# KUIU Icon Pro 5200



## Kwalk3 (Jun 21, 2012)

Posting for my Dad:

Kuiu Icon Pro Frame and suspension and Pro 5200 Bag in Verde Camo

Good Condition: No Rips, Tears, or Bloodstains

$300.

Comes with Rifle Stock Sling so you can strap your rifle to the back of the bag.

Solid lightweight bag and suspension. Has been a capable meat hauler and compresses down really well for day hunts.

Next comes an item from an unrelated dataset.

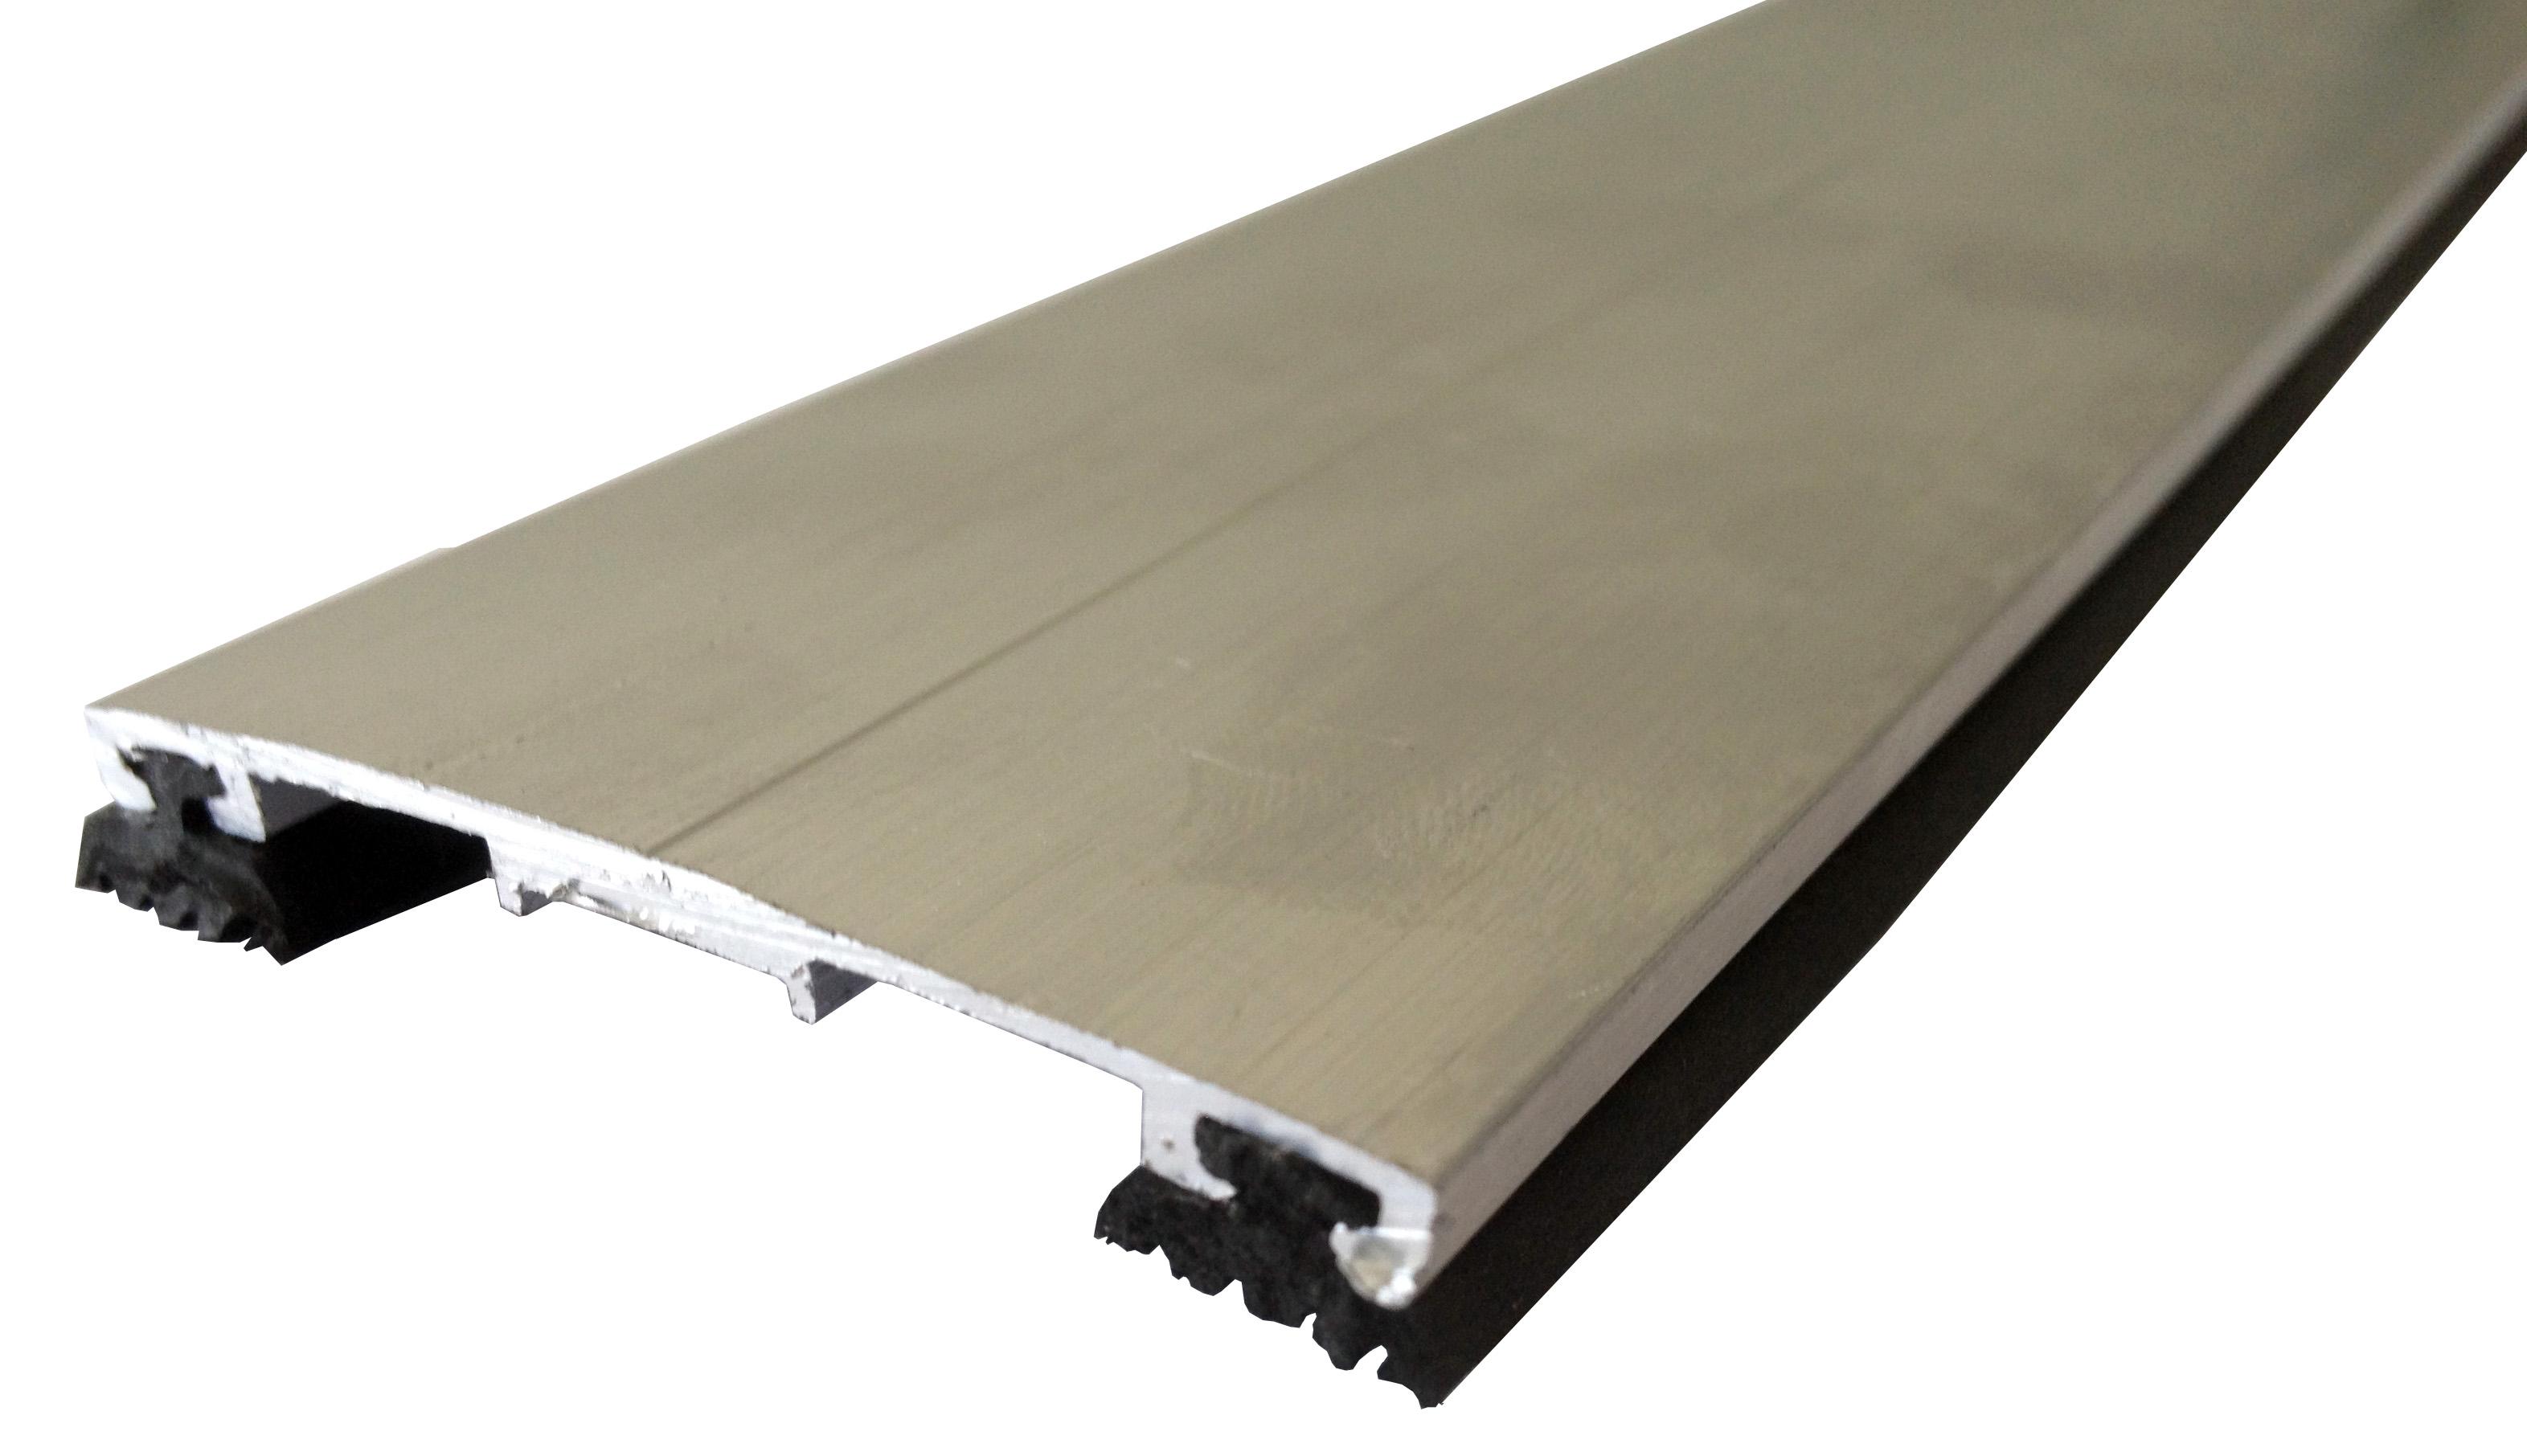 Perfis e acess rios em policarbonato e aluminio polysolution for Materiales para toldos de aluminio

My Dad just ordered a new pack at the expo and is looking to sell this one as he doesn't need two hunting packs.


----------



## stillhunterman (Feb 15, 2009)

Those are a nice packs for sure. I've been looking at them since by 2 packs were stolen this year-O,-. I'm a short feller with a kinda short torso. 5' 7". Does your dad fall into a similar category?


----------



## johnrr65 (Nov 7, 2019)

Nice


----------



## Kwalk3 (Jun 21, 2012)

stillhunterman said:


> Those are a nice packs for sure. I've been looking at them since by 2 packs were stolen this year-O,-. I'm a short feller with a kinda short torso. 5' 7". Does your dad fall into a similar category?


Sadly, no. He's 6'5" with a long torso. Sorry to hear about your packs getting stolen. People are rotten sometimes.

Pretty sure his frame is the tall height and his suspension is L/XL.

Sent from my iPhone using Tapatalk


----------



## stillhunterman (Feb 15, 2009)

Thanks for the info Kwalk3. I'll pick one up new more than likely. Good luck, am sure someone will snag yours up!


----------